3

I did a web search for "sql.Identifier without quoting" and this post was relevant only. It advices to use .format(sql.Identifier.

However this method adds double quotes to identifiers and cannot as far as I can tell be used for identifiers made w/out quotes in PostgreSQL. As I've read in here expert advice not to quote identifiers in Postgres.

I do not see an option in sql.Identifier to skip quoting in the document and alternative methods in sql module of psycopg2. How can I use PostgreSQL from Python in injection-safe way for unquoted identifiers?

ADDED: my confusion was due to me using "public.abc" for sql.Identifier when as noted in the answer by @klin I should have used two identifiers. After that sorted out I see quoting is used only for case sensitive (and/or where "other" symbols like dot are used).

Alex Martian
  • 3,423
  • 7
  • 36
  • 71
  • I think quoting identifiers is fine. Choose a consistent casing for all identifiers and stick to it. Double quoting keeps you honest. This is reinforced by the behaviour of the libraries. My 2p. – w08r Jan 28 '20 at 06:31
  • @wobr, thanx. It is just unfamiliar to make "public.abc" and then neither "abc" not "public"."abc", abc, public.abc works, only "public.abc". – Alex Martian Jan 28 '20 at 06:51

4 Answers4

3

If your database API routinely quotes identifiers, that is a good thing. Don't try hard to work around that.

The sentiment against quoted identifiers is not directed against the quoting as such, rather against the choice of idenifiers that require quoting.That are identifiers that do not follow the syntax rules for identifiers or contain upper case letters. Such identifiers cause all kinds of annoyances, for example in shell scripts, where quoting always is a nuisance.

Quoting an identifier that does not require quoting is innocuous, and it is actually a good safety measure.

Laurenz Albe
  • 209,280
  • 17
  • 206
  • 263
2

You should distinguish between two different situations. When you want to use uppercase letters in case-sensitive identifiers you have to use double-quotes. If you use only lowercase letters for identifiers, you can but not have to use double-quotes. Experts usually recommend avoiding the first case. In the second case, the quotes automatically added by psycopg2 are not a problem.

Note, that public.abc is not an identifier, it is an expression containing two identifiers. Hence you should use it in the way like this:

sql.SQL("select * from {}.{}").format(sql.Identifier(schema_name), sql.Identifier(table_name))

or this:

sql.SQL("select * from {}").format(sql.Identifier(schema_name, table_name))

as (per the documentation):

Multiple strings can be passed to the object to represent a qualified name, i.e. a dot-separated sequence of identifiers.

klin
  • 112,967
  • 15
  • 204
  • 232
1

However this method adds double quotes to identifiers and cannot as far as I can tell be used for identifiers made w/out quotes in PostgreSQL.
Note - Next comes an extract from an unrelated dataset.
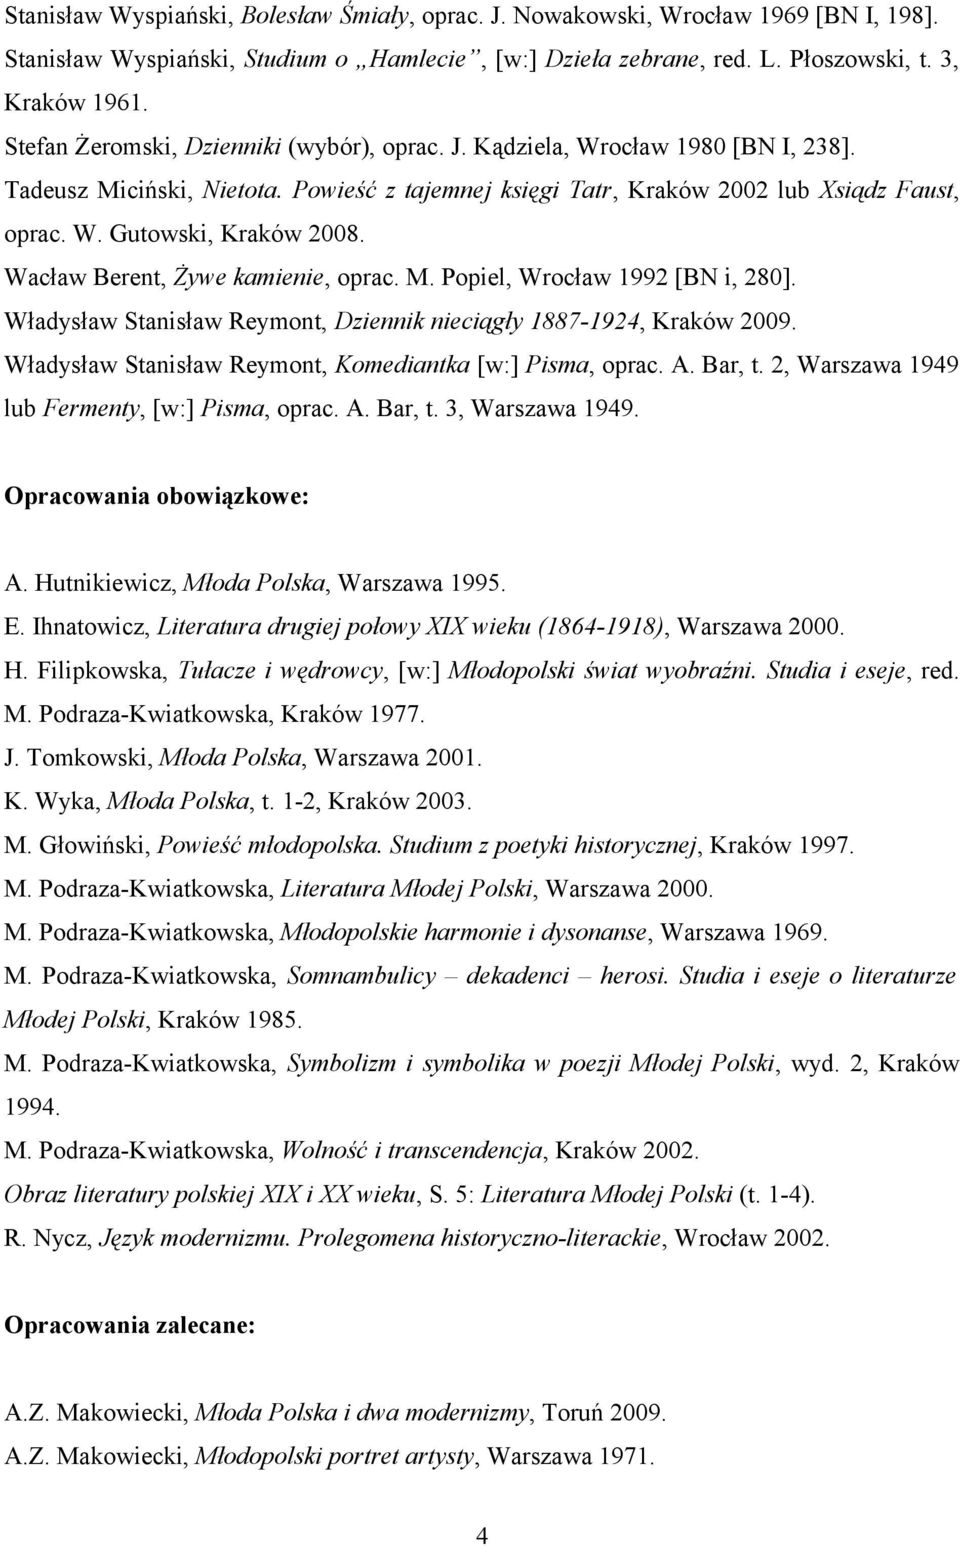 Wacław Berent, Żywe kamienie, oprac. M. Popiel, Wrocław 1992 [BN i, 280]. Władysław Stanisław Reymont, Dziennik nieciągły 1887-1924, Kraków 2009.

It absolutely can. The sticking point is that quoted identifiers are case sensitive (amongst other concerns) while unquoted are case-folded.

That case-folding is why you can get odd results: when you write create table Foo () or select Foo from Bar, Postgres first applies its case-folding rules to unquoted identifiers, then does everything else. So if you quote identifiers you need to match the result of that case-folding:

  • postgres folds to lowercase (this is explicitly documented), as long as you lowercase quoted identifiers, they'll match the unquoted one however it is the unquoted ones are written
  • however this is not portable because the SQL spec demands uppercase folding
  • and because databases do case-folding rather than case-insensitive matching, terms created using quoted identifiers may not be accessible at all from unquoted identifiers e.g. if you create a table "Foo", select from Foo will not even see it:
# create table "Foo" ();
CREATE TABLE
# select from "Foo";
--
(0 rows)

# select from Foo;
ERROR:  relation "foo" does not exist
LINE 1: select from Foo;
                    ^
Masklinn
  • 34,759
  • 3
  • 38
  • 57
0

I've implemented a version of psycopg2.sql.Identifier that will quote identifiers only when needed:

"""psycopg2 psycopg2.sql.Identifier that will quote identifiers only when needed"""

import re
import psycopg2
import psycopg2.sql


class SQLIdentifier(psycopg2.sql.Identifier):
    """psycopg2 psycopg2.sql.Identifier that will quote identifiers only when needed"""

    def as_string(self, context: typing.Any) -> str:
        """Return str representation of this identifier, quoted when needed"""
        return ".".join(self.quote_ident_if_required(s, context) for s in self.strings)

    def __str__(self) -> str:
        return ".".join(self.quote_ident_if_required(s, None) for s in self.strings)

    SAFE_IDENTIFIER_PATTERN = re.compile("[a-z_][a-z0-9_]*")

    @staticmethod
    def quote_ident_if_required(identifier: str, context: typing.Any) -> str:
        """Return str quoted if required for use in an identifier"""
        if SQLIdentifier.SAFE_IDENTIFIER_PATTERN.fullmatch(identifier):
            return identifier
        if context is None:
            return '"{}"'.format(identifier.replace('"', '""'))
        return str(psycopg2.extensions.quote_ident(identifier, context))
Tometzky
  • 22,573
  • 5
  • 59
  • 73